🤖 AI Summary
Existing methods struggle to accurately model physical environments in data-sparse, contact-rich complex dynamic scenes. This work proposes a differentiable, physics-driven rigid-body world model that, for the first time, employs a unified Gaussian representation to jointly model visual appearance and collision geometry. Integrated with an end-to-end differentiable physics engine, the model enables learning complex physical dynamics directly from sparse video sequences. The approach supports inference of physical properties and demonstrates superior performance over existing methods in both simulated and real-world scenarios, exhibiting strong generalization capabilities.

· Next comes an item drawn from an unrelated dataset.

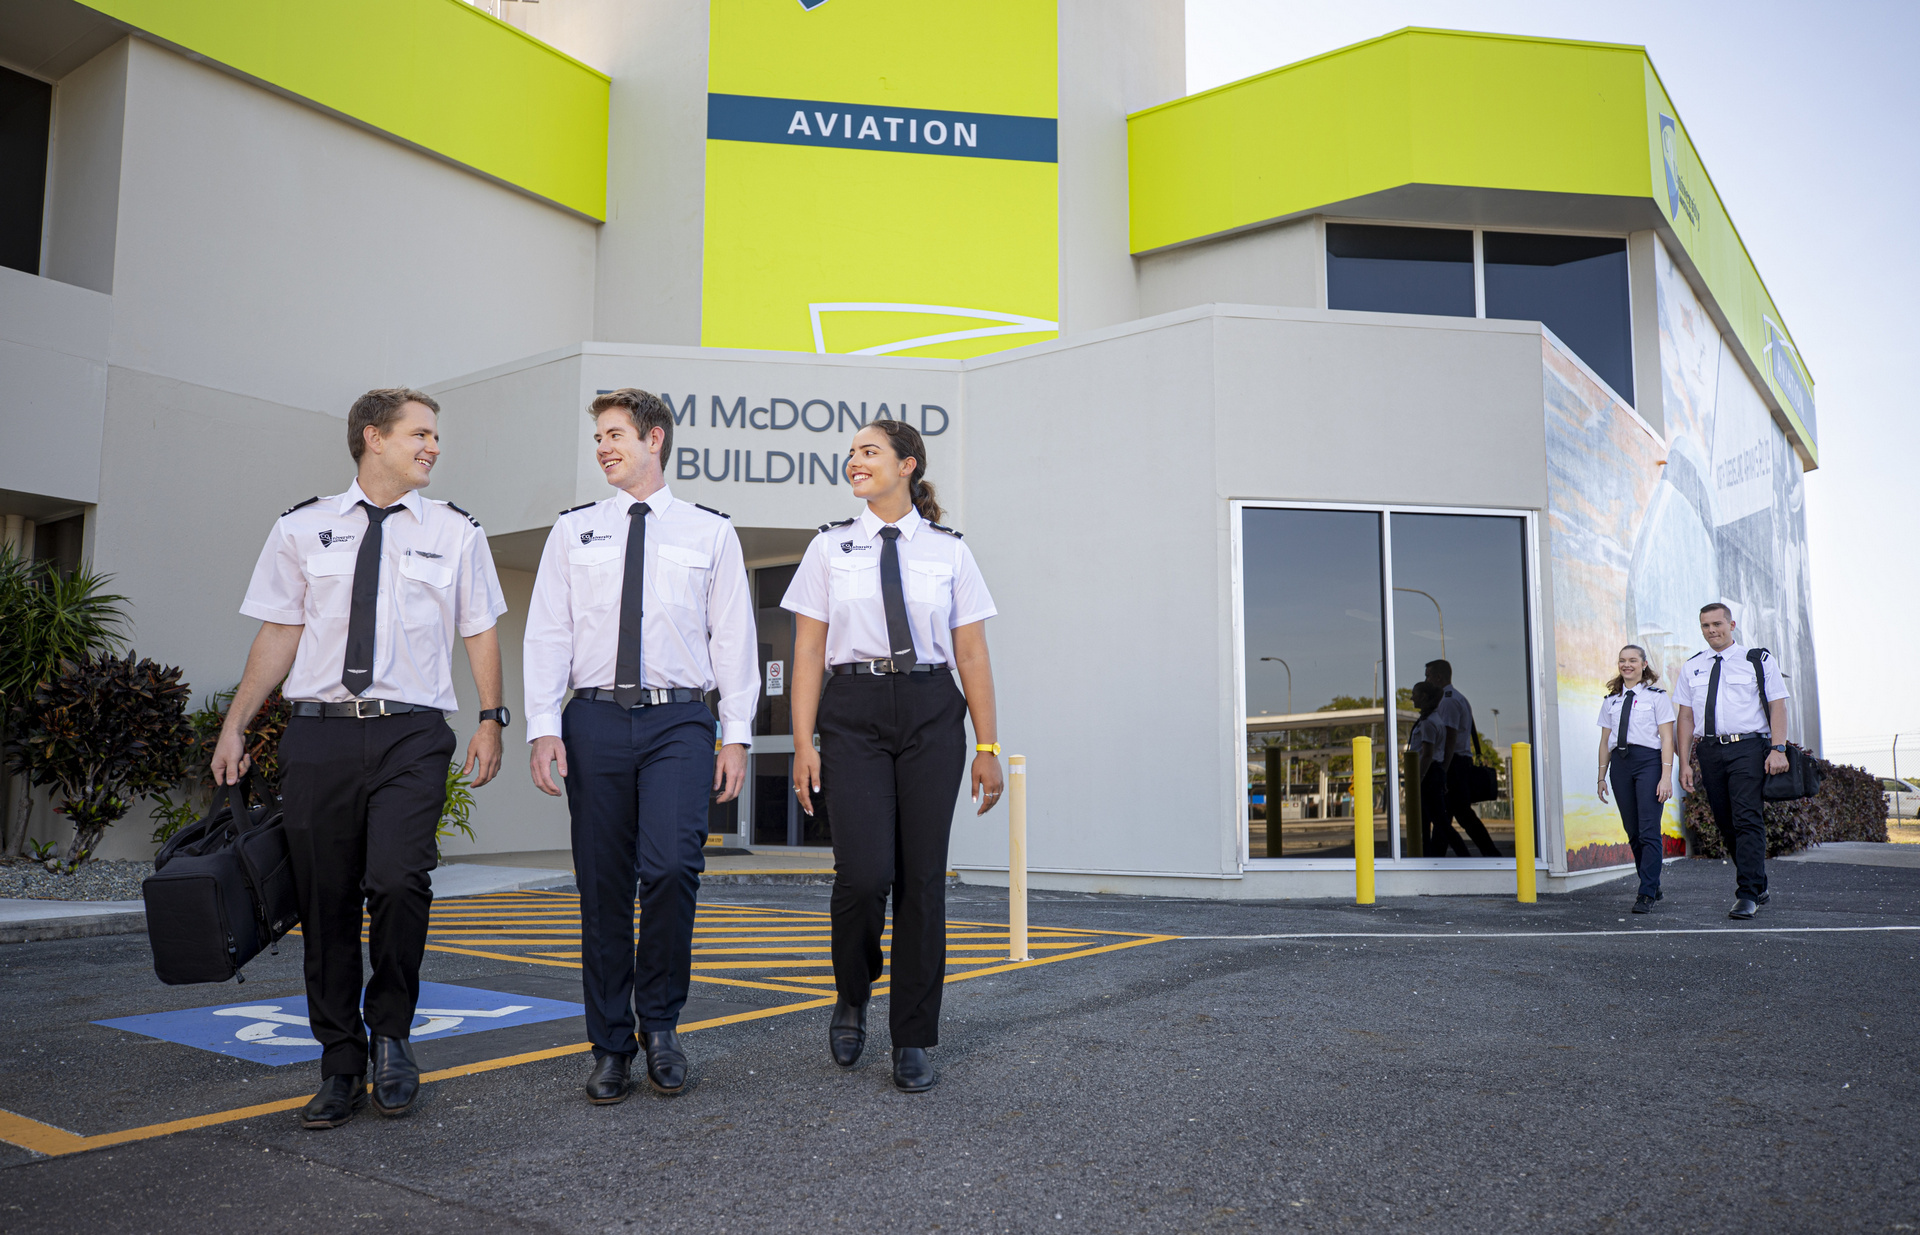 Central Queensland University aviation students exiting the campus

Furthermore, it has been successfully applied to synthetic data generation and real-time model-predictive control.
📝 Abstract
Developing world models that understand complex physical interactions is essential for advancing robotic planning and simulation.However, existing methods often struggle to accurately model the environment under conditions of data scarcity and complex contact-rich dynamic motion.To address these challenges, we propose ContactGaussian-WM, a differentiable physics-grounded rigid-body world model capable of learning intricate physical laws directly from sparse and contact-rich video sequences.Our framework consists of two core components: (1) a unified Gaussian representation for both visual appearance and collision geometry, and (2) an end-to-end differentiable learning framework that differentiates through a closed-form physics engine to infer physical properties from sparse visual observations.Extensive simulations and real-world evaluations demonstrate that ContactGaussian-WM outperforms state-of-the-art methods in learning complex scenarios, exhibiting robust generalization capabilities.Furthermore, we showcase the practical utility of our framework in downstream applications, including data synthesis and real-time MPC.